Soft Like Rice

I got a phone call today from a dear friend.  She and I lived in India together for three years.  We weren’t working in the same city, but we saw each pretty frequently and talked or Skyped in the off times.  She’s back in the States for six months before returning to a city that our family has come to love.

Her voice sounded faded and small on the phone.  She’s only been back in the country for a week and she described to me the familiar ex-pat feelings of fatigue, emotional isolation, and being overwhelmed inside malls.  She’s finally able to sleep until 4:00 a.m. every morning, and she considers that an accomplishment (so do I).  Together we celebrated stable Internet connections, perfect soft ice from Sonic, and clean streets with wide, paved lanes.  We commiserated with one another about having to put on our happy faces and employ our spiritual one-liners for people who ask, How was your trip over there?

In India women cook rice with pressure cookers.  I suppose people use them here, too, but in India they’re ubiquitous.  They save cooking time by creating an unbelievable amount of pressure and steam inside their cauldrons.  What would normally take a long time is accomplished in minutes.

Today my sweet friend and I mused that life in India has been a pressure cooker for both of us.  The Lord has allowed an unbelievable amount of pressure and steam to build into our lives, such that we’ve sometimes felt that we couldn’t stand it any longer.  Spiritual impurities have risen to the top in our hearts and we’ve been left tired, yes, but also softer.
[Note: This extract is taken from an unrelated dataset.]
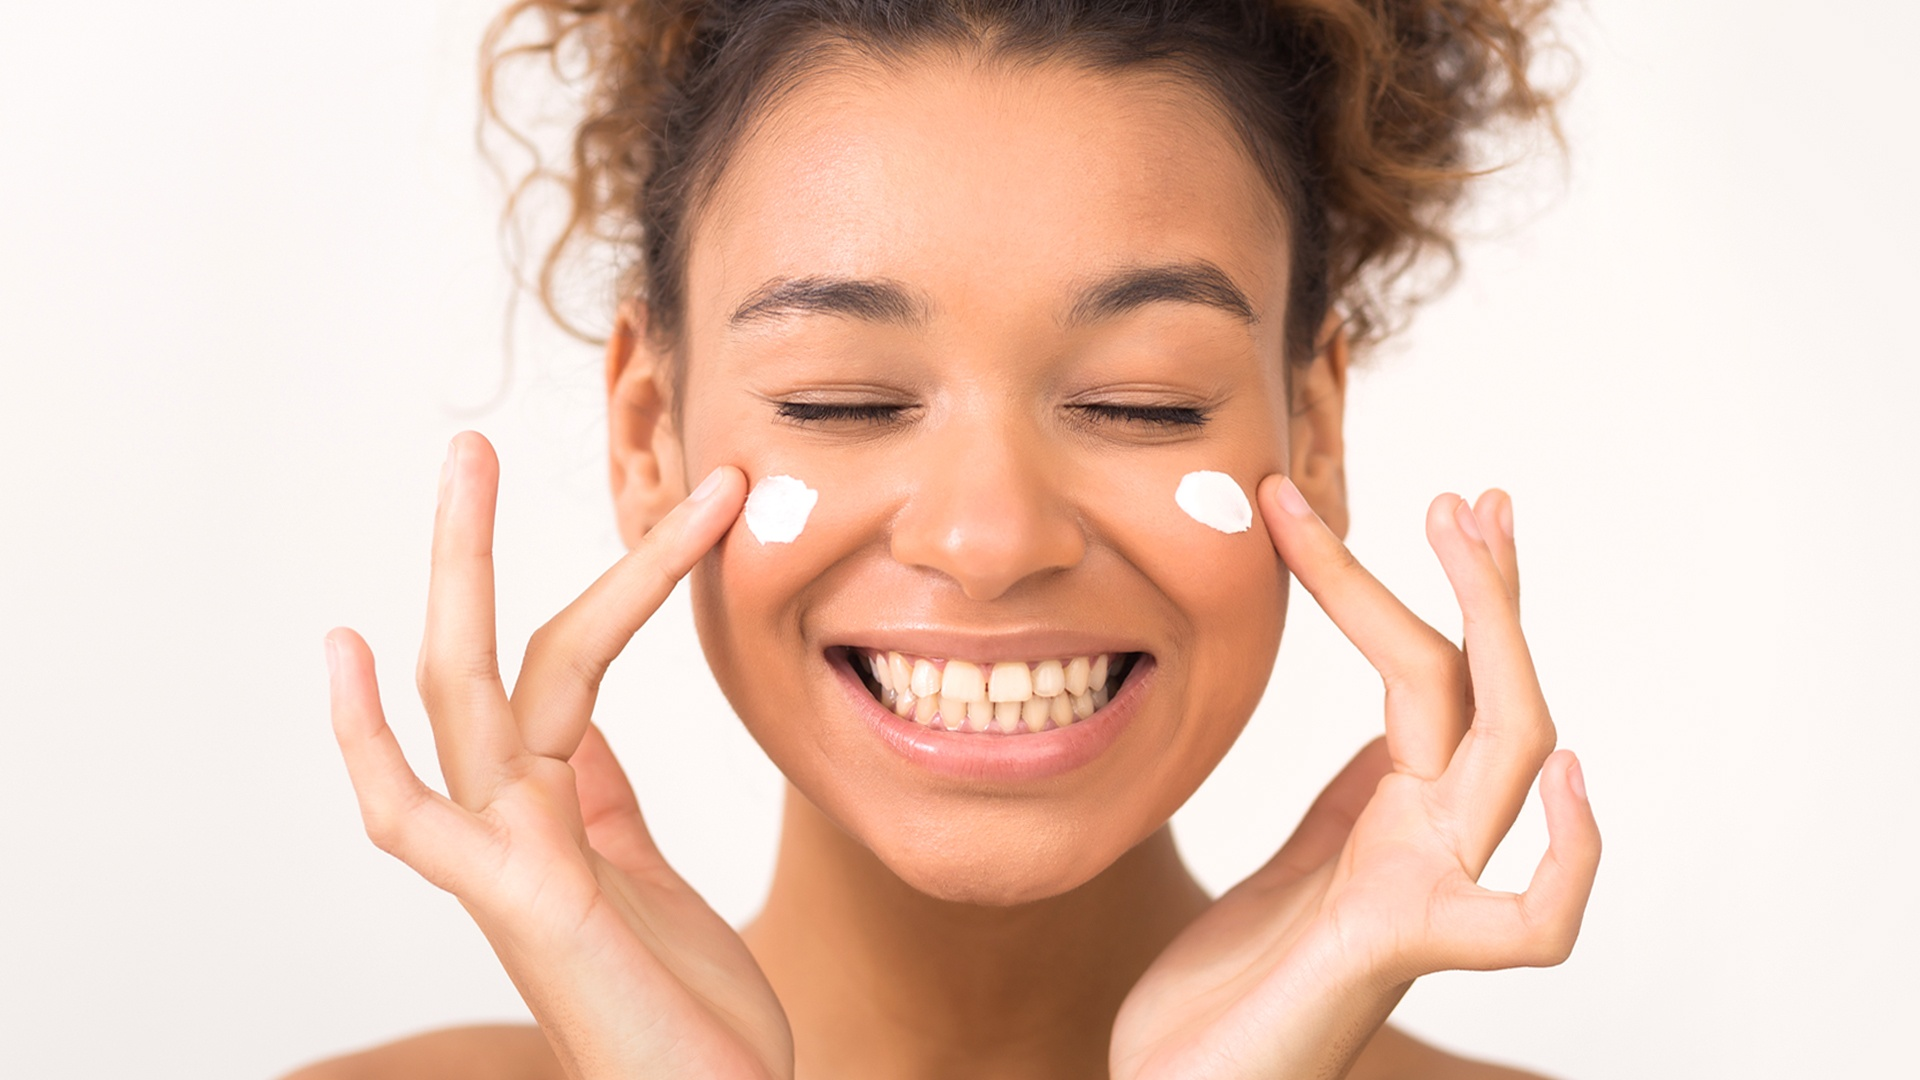 Nos produits Happy Beauty Visage   Maquillage   Onglerie   Minceur   Coiffure

I’ll admit that I didn’t like life in a pressure cooker.  I did love aspects of living overseas and some of my dearest friends are from India.  But the stress was overwhelming at times.  We were only there for three years but it felt like we experienced life in dog years, twenty-one diwalis packed into three.  That’s hard to explain to people who haven’t lived in developing countries, but of course my friend understood perfectly.

And while rice that’s been pressure-cooked can’t truly grow hard again, human hearts can.  So I am asking the Lord to keep my family and me soft, to keep bringing up the impurities in our lives, to keep us from unlearning what we’ve already learned in the pressure cooker, at  sometimes-painful personal cost.